Science & Technology, India (Commonwealth Union) – The rapid advance of Next generation telescopes has made significant contributions to scientific research in recent years with the ability to pick details and signals that may have been missed on prior occasions with less advanced technology.
Astronomers from McGill University in Canada and the Indian Institute of Science (IISc) have applied data from the Giant Metrewave Radio Telescope (GMRT) based in Pune India to identify a radio signal starting from atomic hydrogen in a highly distant galaxy. The astronomical distance over which such a signal has been traced, is the widest so far by a large margin. This is also the 1st verified detection of strong lensing of 21 cm transmission from a galaxy. The findings appeared in the Monthly Notices of the Royal Astronomical Society.
Atomic hydrogen is the basic fuel needed in star formation of a galaxy. When hot ionized gas from the surrounding medium of a galaxy moves into the galaxy, cooling of the gas followed by the production of atomic hydrogen, which turns into molecular hydrogen, and in time, results in the production of stars. Hence gaining knowledge on the evolution of galaxies over cosmic time needs to trace the evolution of neutral gas at various cosmological epochs.
Atomic hydrogen sends out radio waves of 21 cm wavelength, with the ability to be identified utilizing low frequency radio telescopes such as GMRT. Hence, the 21 cm emission is a direct tracer of the atomic gas content in both nearby as well as distant galaxies. An obstacle arising from this is that, this radio signal is highly weak and is extremely unlikely to identify the emission from a faraway galaxy with presently used telescopes because of their restricted sensitivity. Since recently the majority of distant galaxy detected with a 21 cm emission was at redshift z=0.376, corresponding to a look-back time, as the time elapsed between identifying the signal and its original emission – of 4.1 billion years.
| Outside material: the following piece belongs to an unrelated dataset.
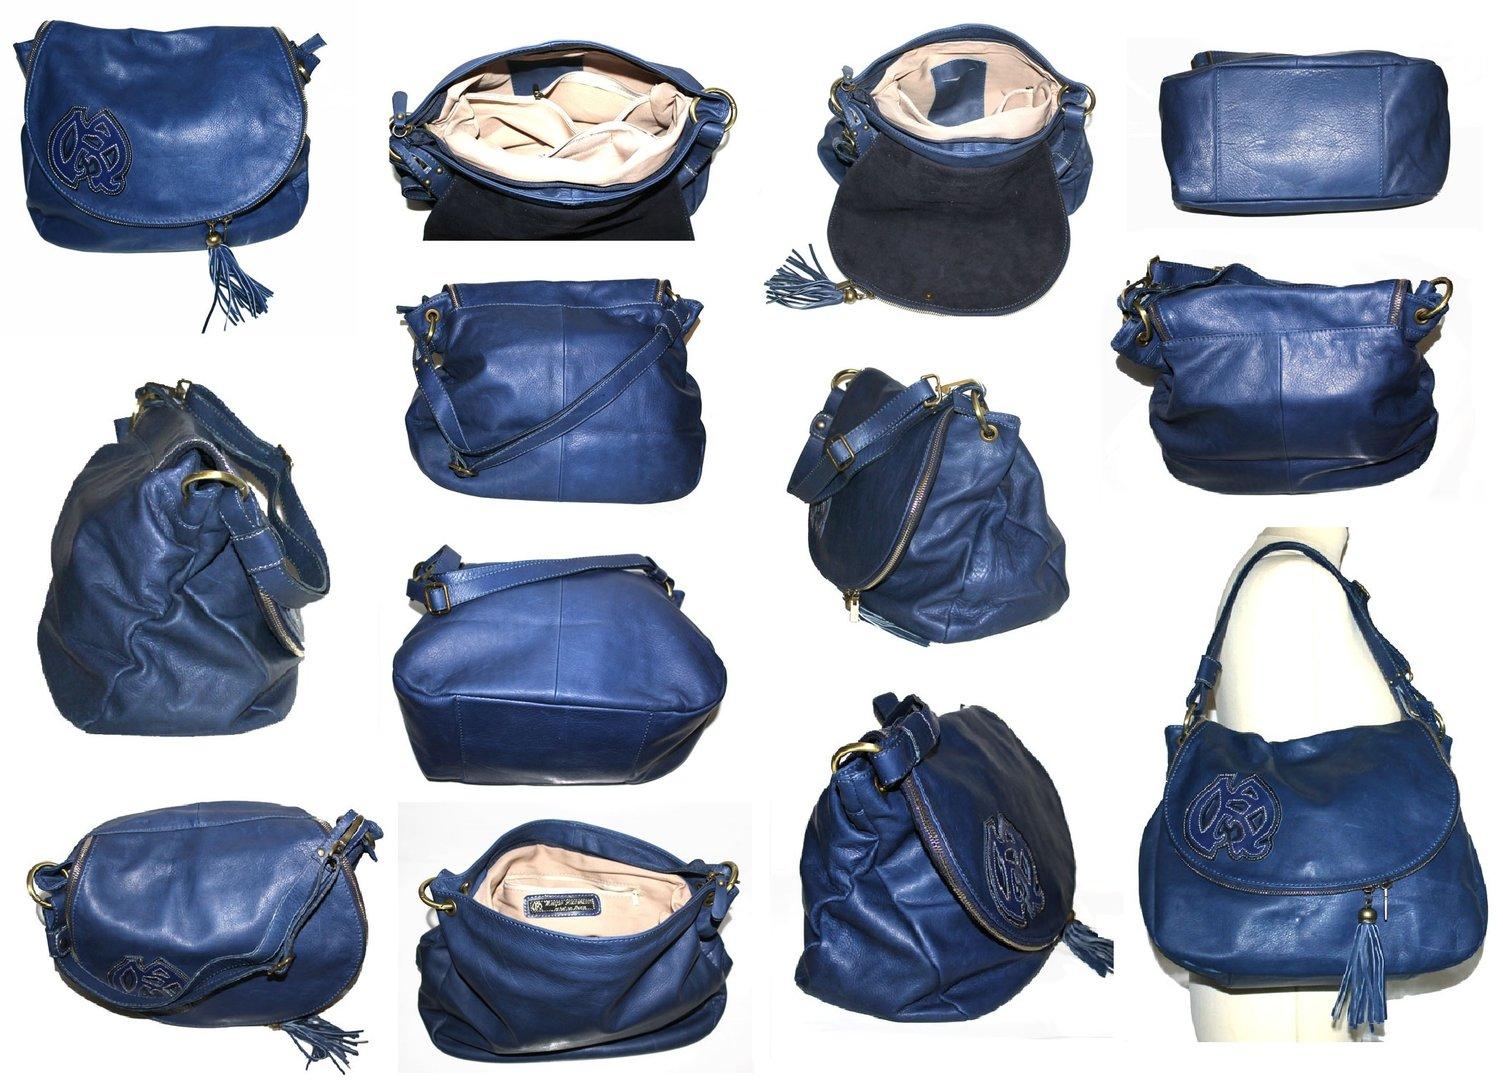 ... sac à main grand modèle L besace fantaisies fleurs en cuir daim bleu  électrique ... bfe2ff818b9c
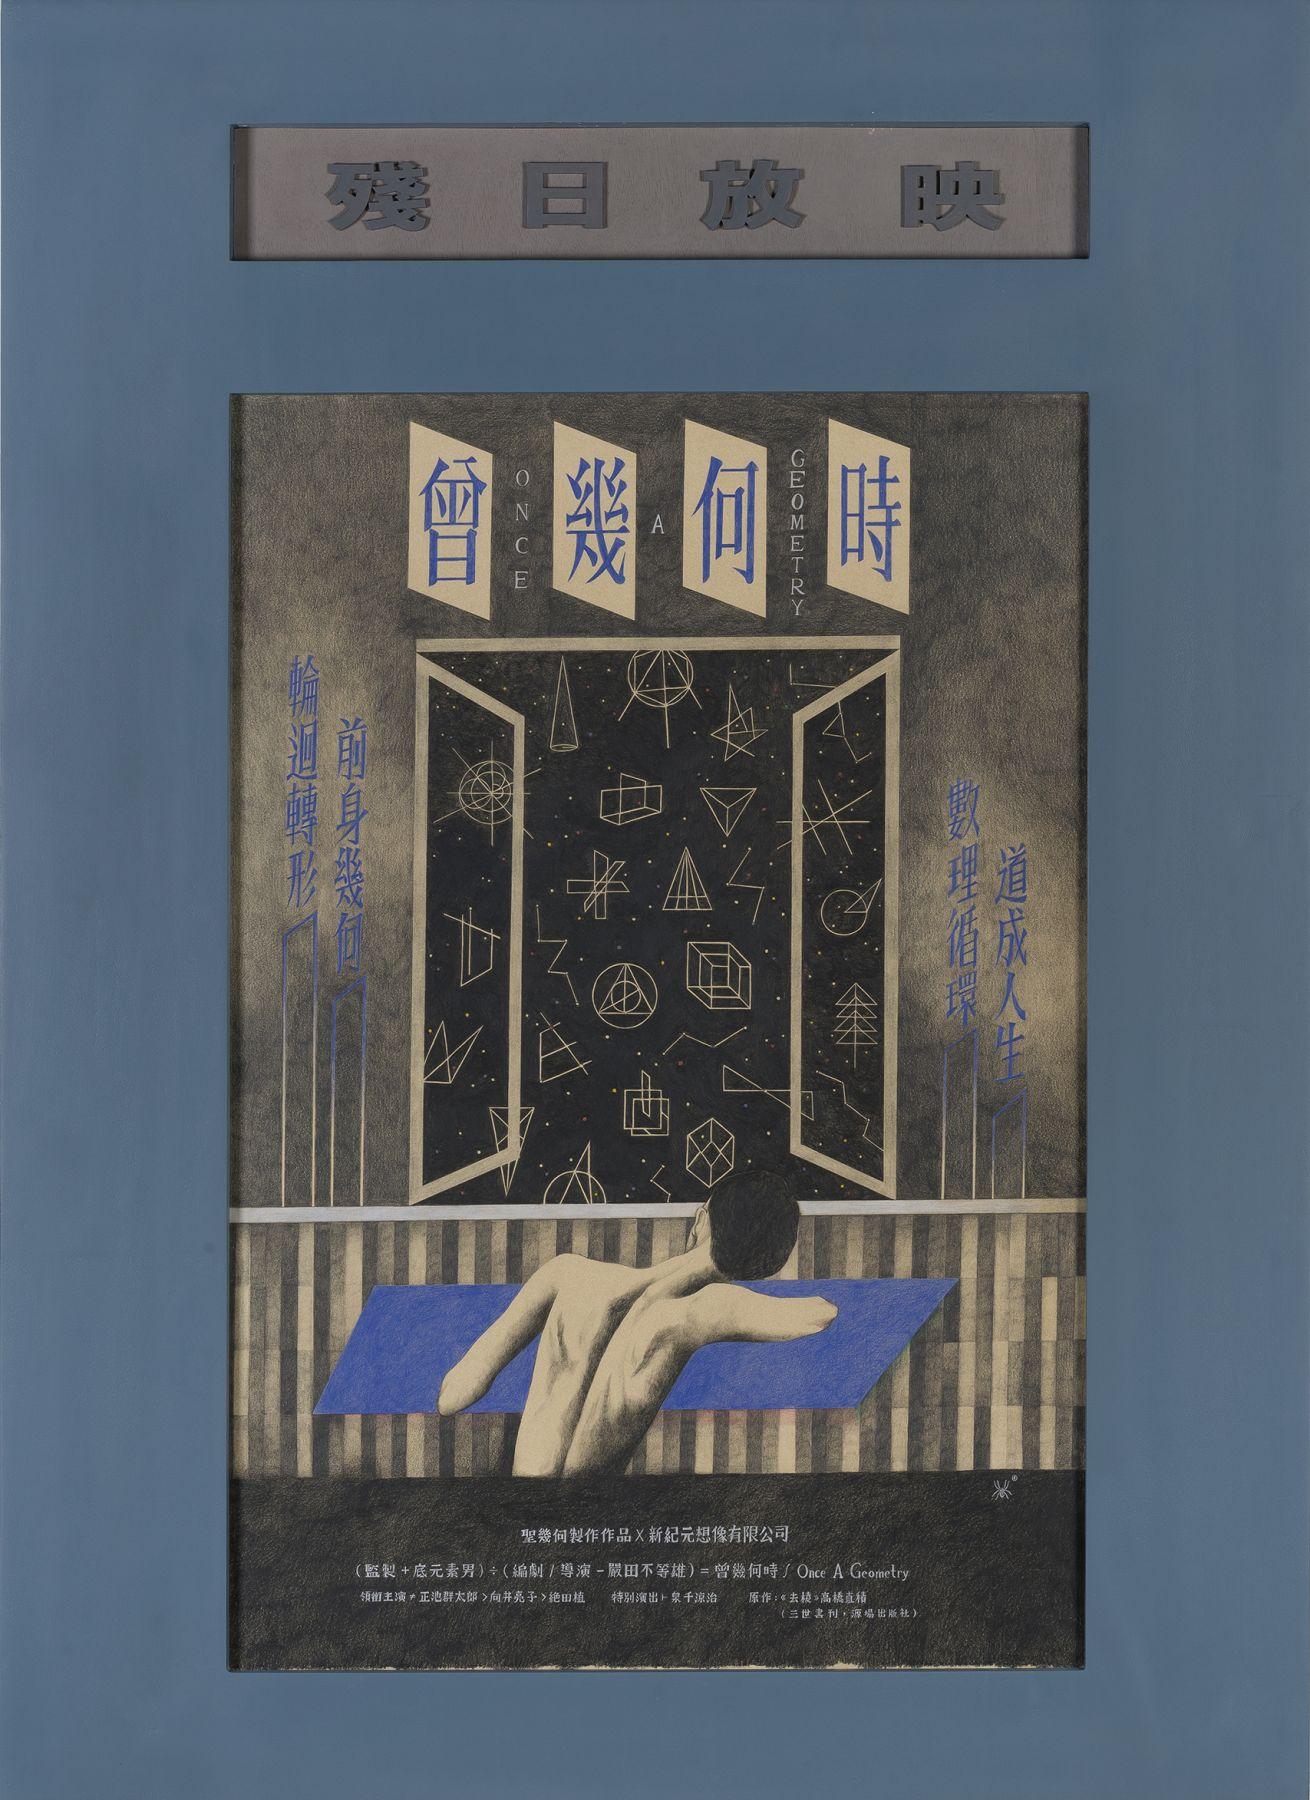 Ho Sintung 何倩彤 (b. 1986), Once a Geometry 曾几何时

The application of GMRT data, permitted Arnab Chakraborty, a postdoctoral researcher at the Department of Physics and Trottier Space Institute of McGill University together with Nirupam Roy, Associate Professor, Department of Physics, IISc to detect a radio signal from atomic hydrogen from a faraway galaxy at redshift z=1.29.
“Due to the immense distance to the galaxy, the 21 cm emission line had redshifted to 48 cm by the time the signal travelled from the source to the telescope,” explained Chakraborty. The signal identified by the researchers was transmitted from this galaxy when the universe was around 4.9 billion years old; making the look-back time for this source 8.8 billion years.
Paving the way for this detection was made by a phenomenon known as gravitational lensing, in which the light emitted by the source is bent as a result of the presence of another massive body, like an early type elliptical galaxy, between the target galaxy and the observer, effectively leading to the “magnification” of the signal. “In this specific case, the magnification of the signal was about a factor of 30, allowing us to see through the high redshift universe,” said Associate Professor Roy.
Researchers further noticed that the atomic hydrogen mass of this specific galaxy is roughly twice as high as its stellar mass. These findings indicate the possibilities of observing atomic gas from galaxies at cosmological distances in similar lensed systems in a moderate amount observing time.
Yashwant Gupta, Center Director at NCRA, says, “Detecting neutral hydrogen in emission from the distant Universe is extremely challenging and has been one of the key science goals of GMRT. We are happy with this new path breaking result with the GMRT, and hope that the same can be confirmed and improved upon in the future.”